Test out Gaussian Process for dealing with outliers

sonyahanson opened this issue · 8 comments

Thanks to Patrick and Bas for chatting about this over coffee after my lab meeting. Sounds like Lee had a very promising answer: Gaussian Processes!

Here are some potentially useful links I found by googling 'gaussian process outliers python':
https://bugra.github.io/work/notes/2014-05-11/robust-regression-and-outlier-detection-via-gaussian-processes/
https://ocefpaf.github.io/python4oceanographers/blog/2015/03/16/outlier_detection/

I don't think this is what we want. GPs are great for data in which there is a natural spatial relationship between the collected data, but that relationship must be learned. We are dealing with a very different case---we know what the relationship is, through the dissociation constant equations and mass conservation laws. Utilizing a GP of the sort in those examples would not only "forget" that information, but it doesn't allow us to propagate any uncertainty in which points are outliers into the posterior.

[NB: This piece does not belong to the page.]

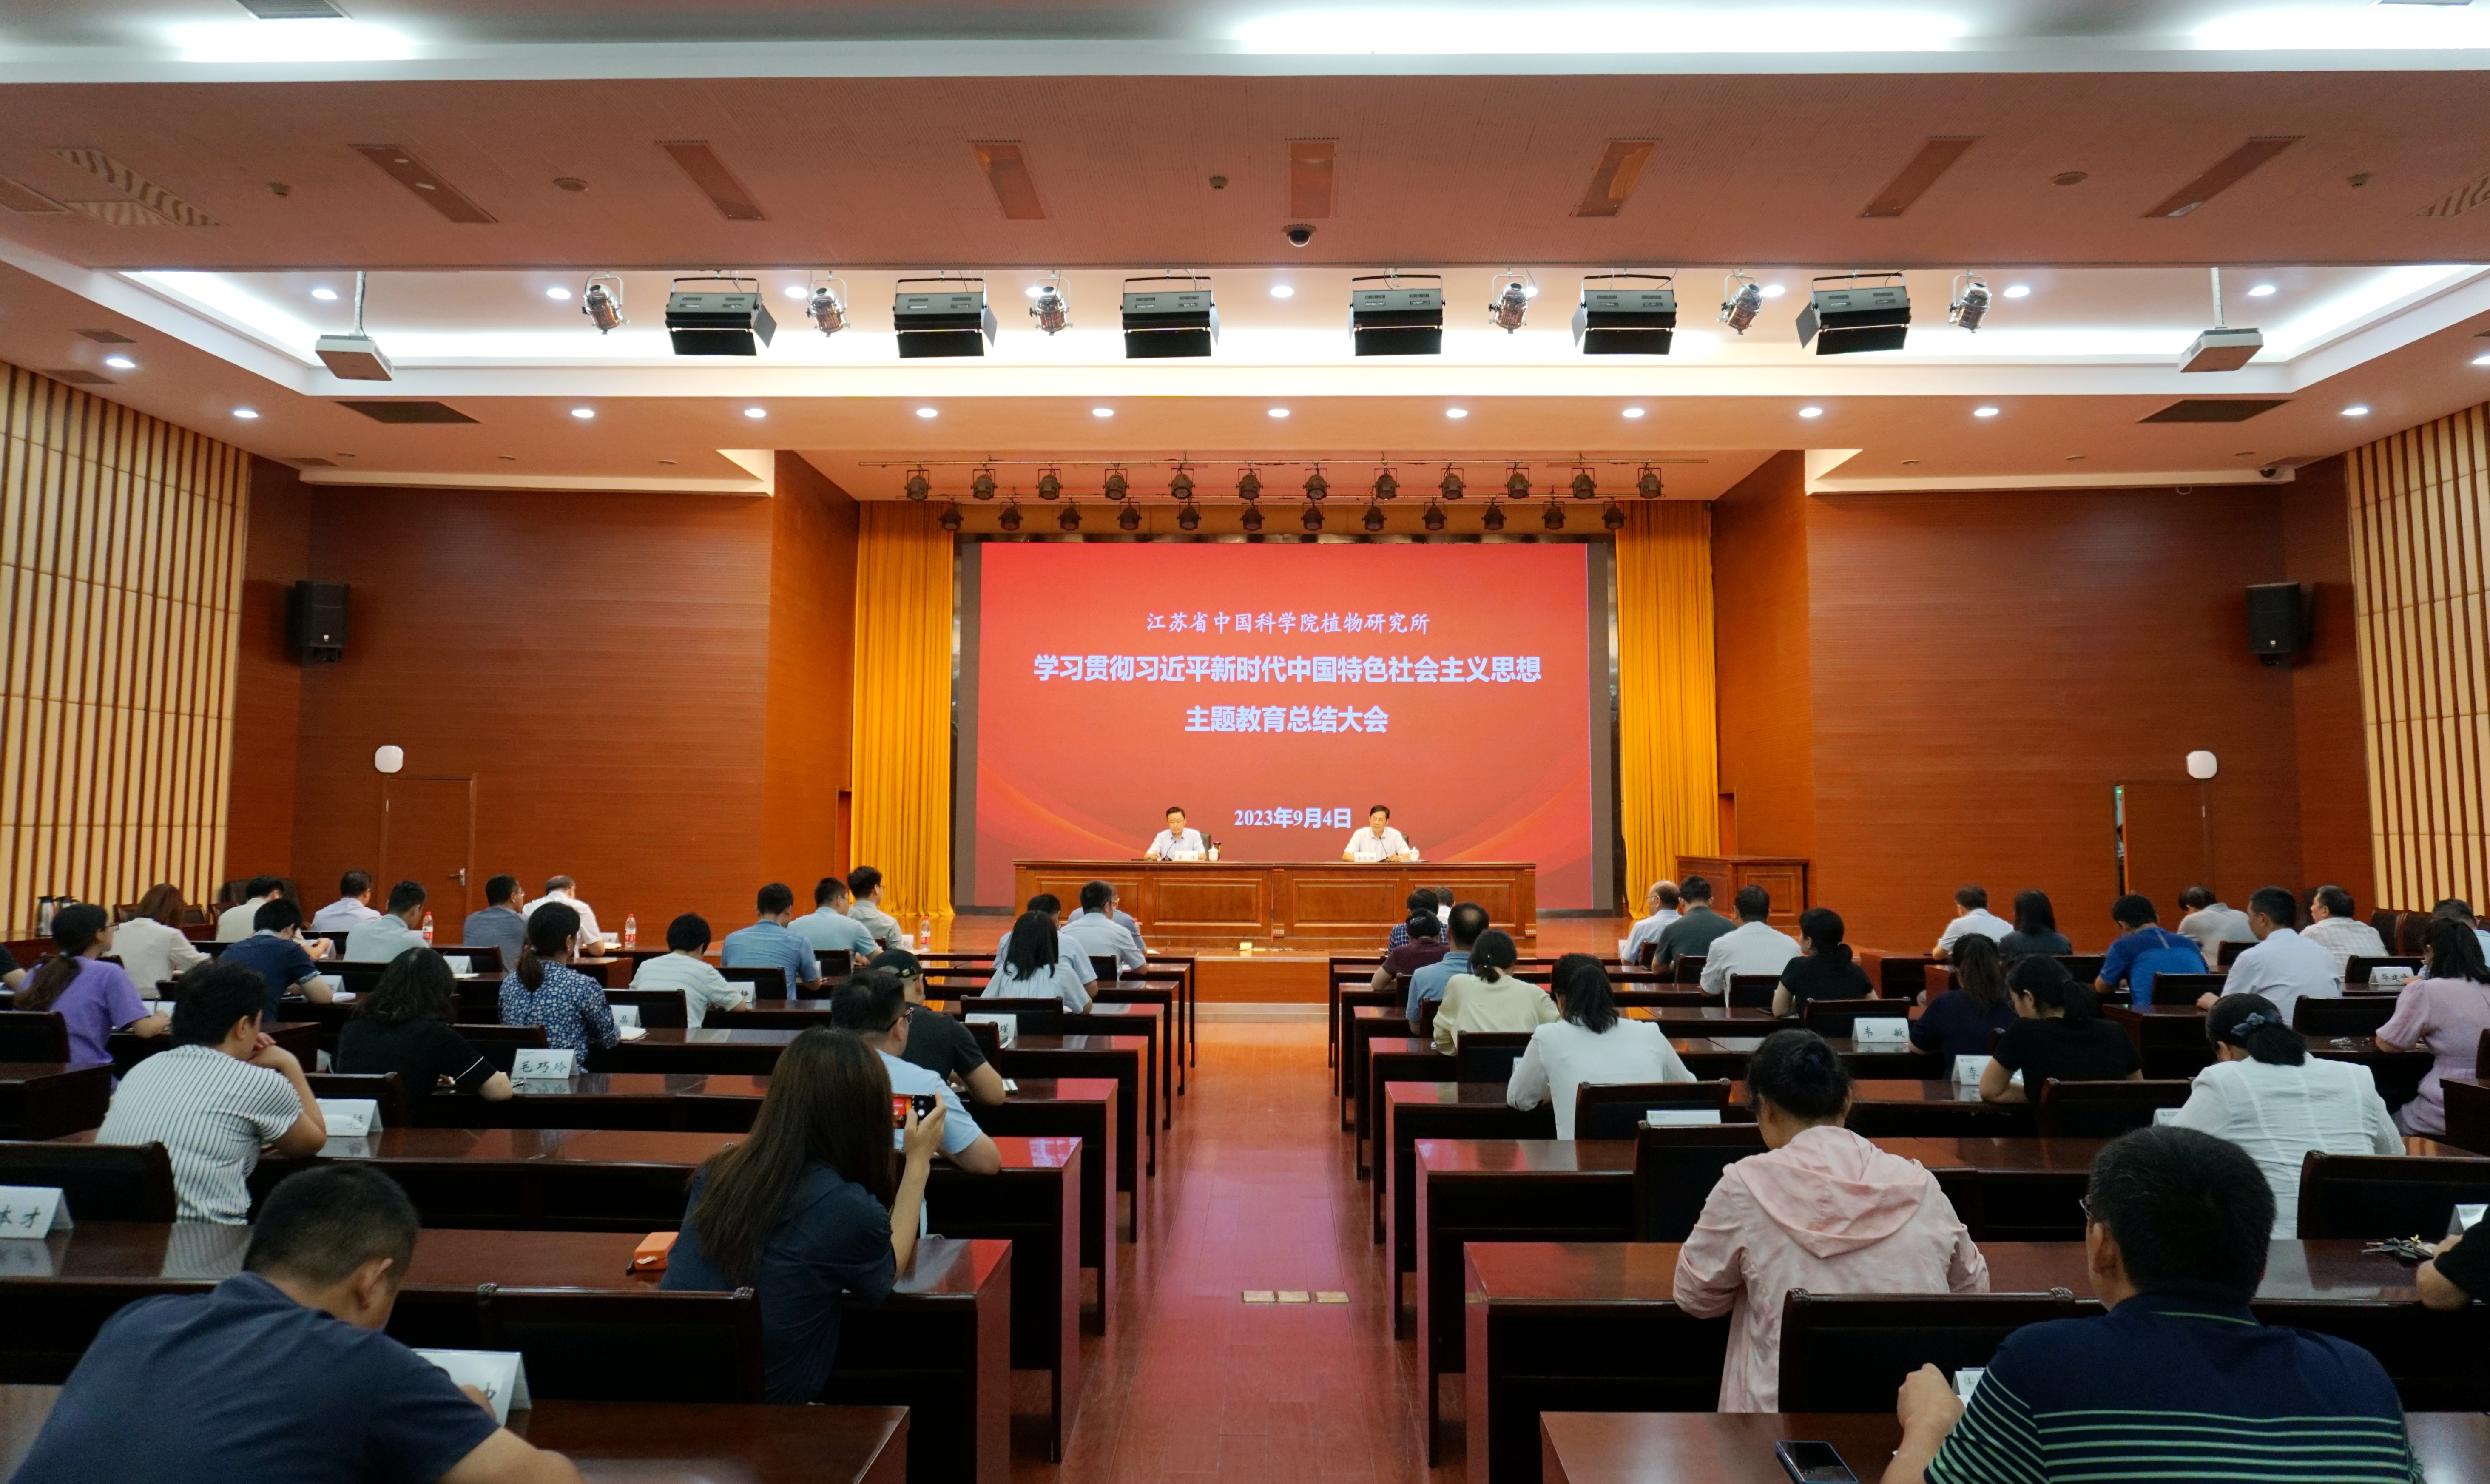 所（园）召开学习贯彻习近平新时代中国特色社会主义思想主题教育总结会议

Instead, I think we should use an approach like this, where there is a prior on the fraction of outliers and the outlier distribution has a mean and variance that is inferred (and marginalized out) during MCMC sampling:
http://www.astroml.org/book_figures/chapter8/fig_outlier_rejection.html

But first, before we even talk about models, we absolutely need to collect some examples of the outliers and look at them to see what it tells us about the nature of the data.

Just making a note here that this is something we should keep at the front of our minds.

Agreed! Would be great to compile a list of data with outliers to find a strategy that works!

Awesome! This is exactly what we need to make this work! Thanks!

@jchodera has an idea about Bayesian outlier detection that he is interested in implementing.